Two books on anarchism suggest a new role for an old political philosophy.

Published on January 1, 2011

 

Under Three Flags:
Anarchism and the Anti-Colonial Imagination

by Benedict Anderson
Verso, 2006, 255 pp., $25


The Art of Not Being Governed:
An Anarchist History of Upland Southeast Asia

by James C. Scott
Yale University Press, 2009, 464 pp., $35

On August 8, 1897, Michele Angiolillo, an Italian anarchist, shot Antonio Cánovas del Castillo, the Prime Minister of Spain. Cánovas had dominated Spanish politics for decades, even during periods when he was nominally out of office, helping shore up Spain’s tottering monarchy and its possession of Cuba and the Philippines through torture and wide-scale military repression. Spanish imperialism in the Americas died with him: Cuba and the Philippines soon drifted out of Spain’s sphere of control and into that of the United States. A bullet from an anarchist’s pistol had changed global politics.

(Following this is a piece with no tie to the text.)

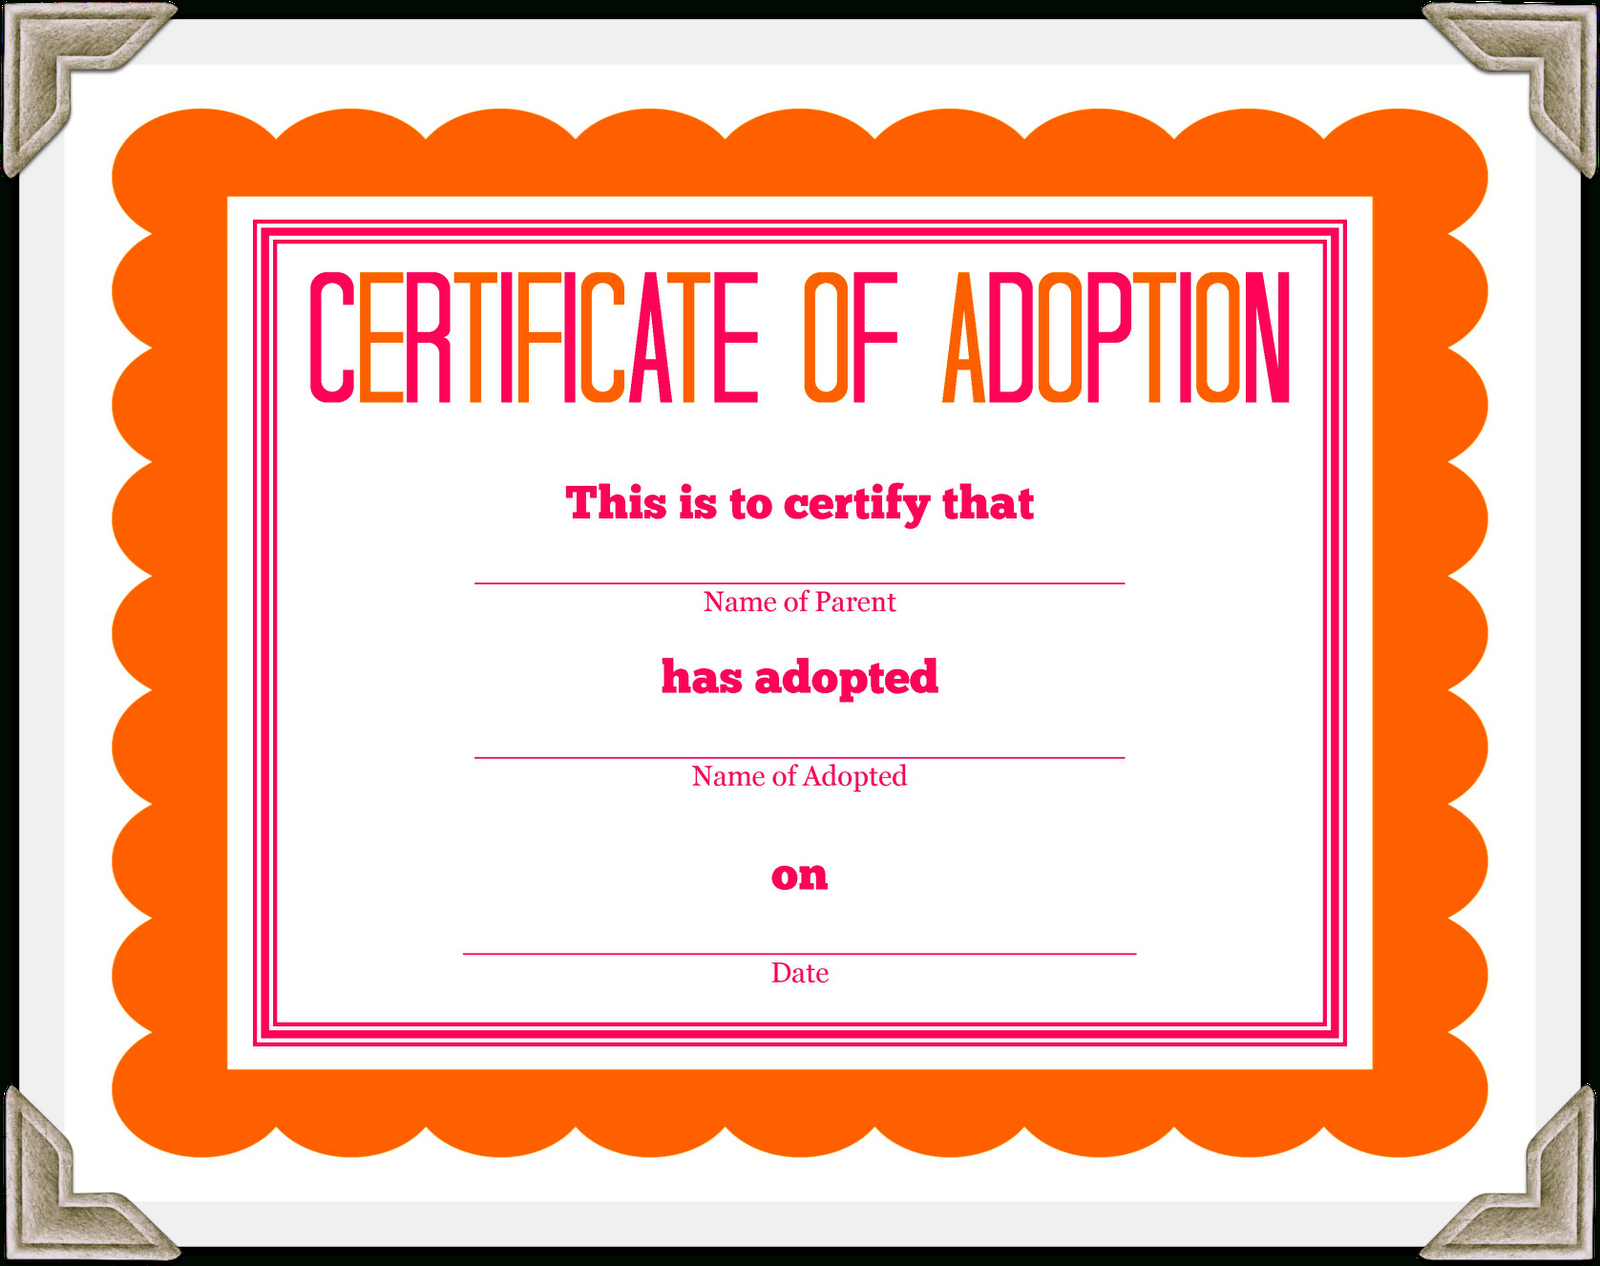 Kitten Adoption Certificate In Toy Adoption Certificate Template

A century later, anarchists have largely given up on violence. Some break windows and get into fights with policemen at protests, but this is far from the plague of bombings and assassinations that transfixed Europe in the late 19th century. They have also lost much of their political salience, though the political philosophy of anarchism has seen something of a revival over the past twenty years. Thanks to Noam Chomsky, the Internet and the anti-globalization protests of the late 1990s, multitudes of young activists now either see themselves as anarchists or are attracted to aspects of anarchist philosophy. Yet this hardly adds up to a coherent political movement.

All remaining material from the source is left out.